The line with "YELLOW FAUX LEATHER", the line with "New Athena ATH29", and all lines between them in the material below: return these exactly, and no others.

===== Information =====

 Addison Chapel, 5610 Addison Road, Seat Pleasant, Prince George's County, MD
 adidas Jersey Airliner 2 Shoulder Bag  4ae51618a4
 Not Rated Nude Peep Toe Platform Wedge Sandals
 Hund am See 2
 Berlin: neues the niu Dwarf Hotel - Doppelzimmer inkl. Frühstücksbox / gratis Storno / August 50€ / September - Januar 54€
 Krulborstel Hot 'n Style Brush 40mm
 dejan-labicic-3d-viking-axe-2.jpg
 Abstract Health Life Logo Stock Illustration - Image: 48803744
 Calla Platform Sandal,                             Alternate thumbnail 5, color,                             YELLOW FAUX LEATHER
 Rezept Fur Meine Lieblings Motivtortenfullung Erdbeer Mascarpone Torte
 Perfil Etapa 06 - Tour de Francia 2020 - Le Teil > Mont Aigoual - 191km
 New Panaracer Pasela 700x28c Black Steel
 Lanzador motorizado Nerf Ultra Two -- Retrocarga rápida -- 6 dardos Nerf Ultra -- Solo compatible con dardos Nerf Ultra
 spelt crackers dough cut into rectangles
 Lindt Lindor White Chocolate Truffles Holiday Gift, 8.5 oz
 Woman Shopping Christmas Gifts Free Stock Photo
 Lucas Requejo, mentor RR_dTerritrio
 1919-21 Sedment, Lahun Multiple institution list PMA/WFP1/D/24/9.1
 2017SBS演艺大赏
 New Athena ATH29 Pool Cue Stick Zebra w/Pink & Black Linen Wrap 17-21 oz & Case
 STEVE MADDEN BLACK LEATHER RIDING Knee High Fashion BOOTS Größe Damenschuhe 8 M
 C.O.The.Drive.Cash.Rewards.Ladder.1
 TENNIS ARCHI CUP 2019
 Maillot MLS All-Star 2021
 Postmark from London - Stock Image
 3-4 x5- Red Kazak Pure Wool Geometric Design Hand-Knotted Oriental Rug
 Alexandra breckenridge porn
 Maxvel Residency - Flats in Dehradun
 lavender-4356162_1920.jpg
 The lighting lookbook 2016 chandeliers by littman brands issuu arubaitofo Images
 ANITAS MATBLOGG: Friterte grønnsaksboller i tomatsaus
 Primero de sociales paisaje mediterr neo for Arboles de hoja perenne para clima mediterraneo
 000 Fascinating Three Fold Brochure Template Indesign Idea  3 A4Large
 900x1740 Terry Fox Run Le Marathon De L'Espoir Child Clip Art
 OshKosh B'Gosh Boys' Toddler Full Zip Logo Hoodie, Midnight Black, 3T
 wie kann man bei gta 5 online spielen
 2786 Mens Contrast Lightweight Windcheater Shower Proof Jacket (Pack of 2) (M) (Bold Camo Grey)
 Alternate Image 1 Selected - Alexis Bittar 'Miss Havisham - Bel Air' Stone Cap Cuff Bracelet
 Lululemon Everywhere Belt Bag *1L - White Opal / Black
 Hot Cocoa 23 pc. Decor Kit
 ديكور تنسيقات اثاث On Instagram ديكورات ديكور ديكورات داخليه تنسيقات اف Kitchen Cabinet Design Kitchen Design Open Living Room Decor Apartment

=====

**Result**
 Calla Platform Sandal,                             Alternate thumbnail 5, color,                             YELLOW FAUX LEATHER
 Rezept Fur Meine Lieblings Motivtortenfullung Erdbeer Mascarpone Torte
 Perfil Etapa 06 - Tour de Francia 2020 - Le Teil > Mont Aigoual - 191km
 New Panaracer Pasela 700x28c Black Steel
 Lanzador motorizado Nerf Ultra Two -- Retrocarga rápida -- 6 dardos Nerf Ultra -- Solo compatible con dardos Nerf Ultra
 spelt crackers dough cut into rectangles
 Lindt Lindor White Chocolate Truffles Holiday Gift, 8.5 oz
 Woman Shopping Christmas Gifts Free Stock Photo
 Lucas Requejo, mentor RR_dTerritrio
 1919-21 Sedment, Lahun Multiple institution list PMA/WFP1/D/24/9.1
 2017SBS演艺大赏
 New Athena ATH29 Pool Cue Stick Zebra w/Pink & Black Linen Wrap 17-21 oz & Case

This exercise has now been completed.